The reason the message of the stock market has been made to sound so optimistic is that Wall Street and the politicians who pass laws supporting Wall Street understand that to make the stock market more liquid, it needs a lot of money and large numbers of people participating in the trading. For them, that means that they need to cater to and enlist the middle and lower classes. Thus, the stock market has been made out to be the savior of people and the safety nest for retirement. For most people it is neither, and for quite a few it is the exact opposite. The market’s overall message is quite misguiding.
One of the biggest areas where people tend to be mislead is risk and how much of it there is. Once you opt in to invest in a stock, your money is at 100% risk at any given moment. In a world of wars, accidents, natural disasters, explosions, terrorism, diseases, pollution, fierce competition, destruction, and fraudulent CEO’s, no company is safe from complete collapse at any time. Even “good” companies carry this risk, as at one time British Petroleum (BP) was considered a great oil company and had actually been a good investment for decades. Even if a company does not completely implode and collapse, people can still lose a large portion of their investment from the company’s poor performance or market ups and downs.

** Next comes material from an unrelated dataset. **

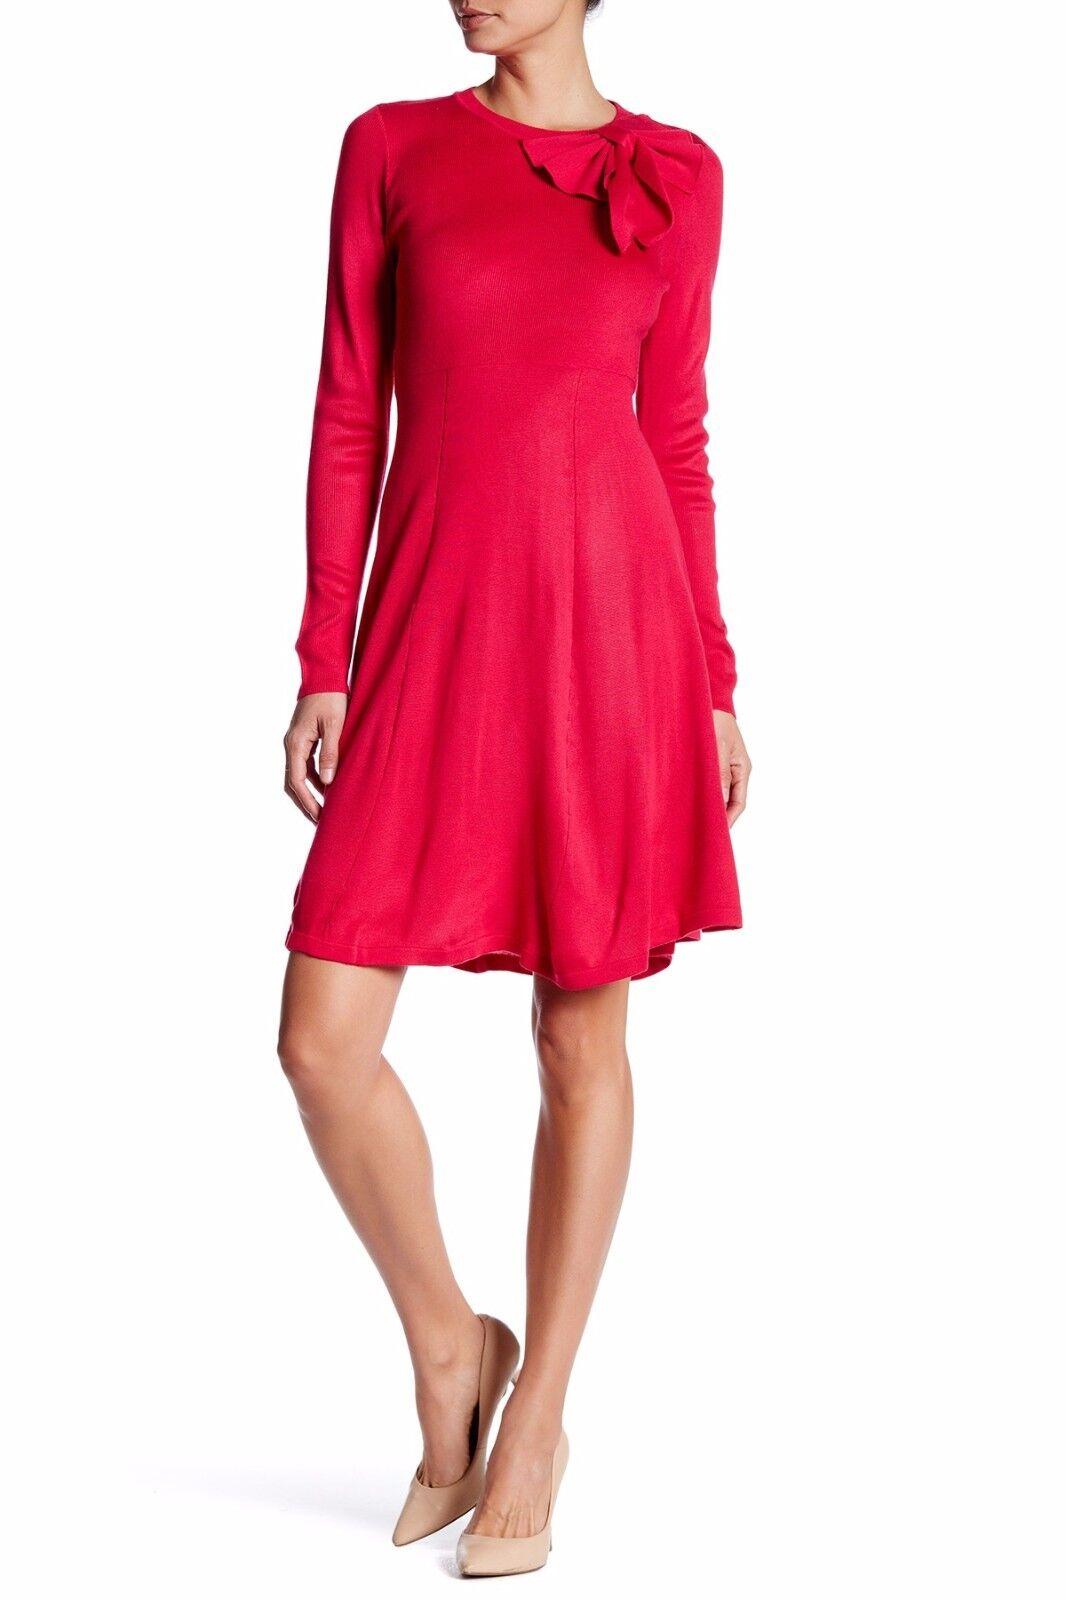 Eliza J Empire Bow Bow Bow Waist Dress  ( Size XL ) 7aae1c

Another unmentioned reality of the stock market is that in the end, it is a zero sum game. That means for someone to win, someone else has to lose. Typically Wall Street and insiders win first and the leftovers go to middle class retail investors.

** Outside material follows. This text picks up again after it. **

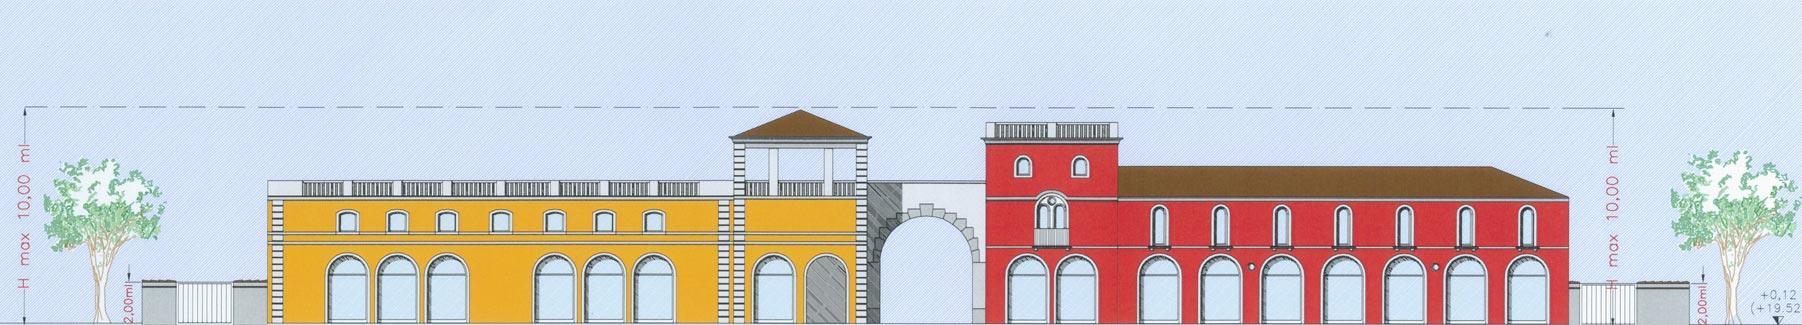 Palmanova Outlet Village - Archea Progetti

Over the last decade there have been a few major stock market crashes. There was the Internet bubble and the housing bubble implosion. In the end, most people who made money during the good times simply lost it when the markets crashed.
While the stock market has lots of promise, it also has quite a bit of deceit and dishonest maneuvering. There is no free lunch out there and I hope small investors like myself proceed with great caution.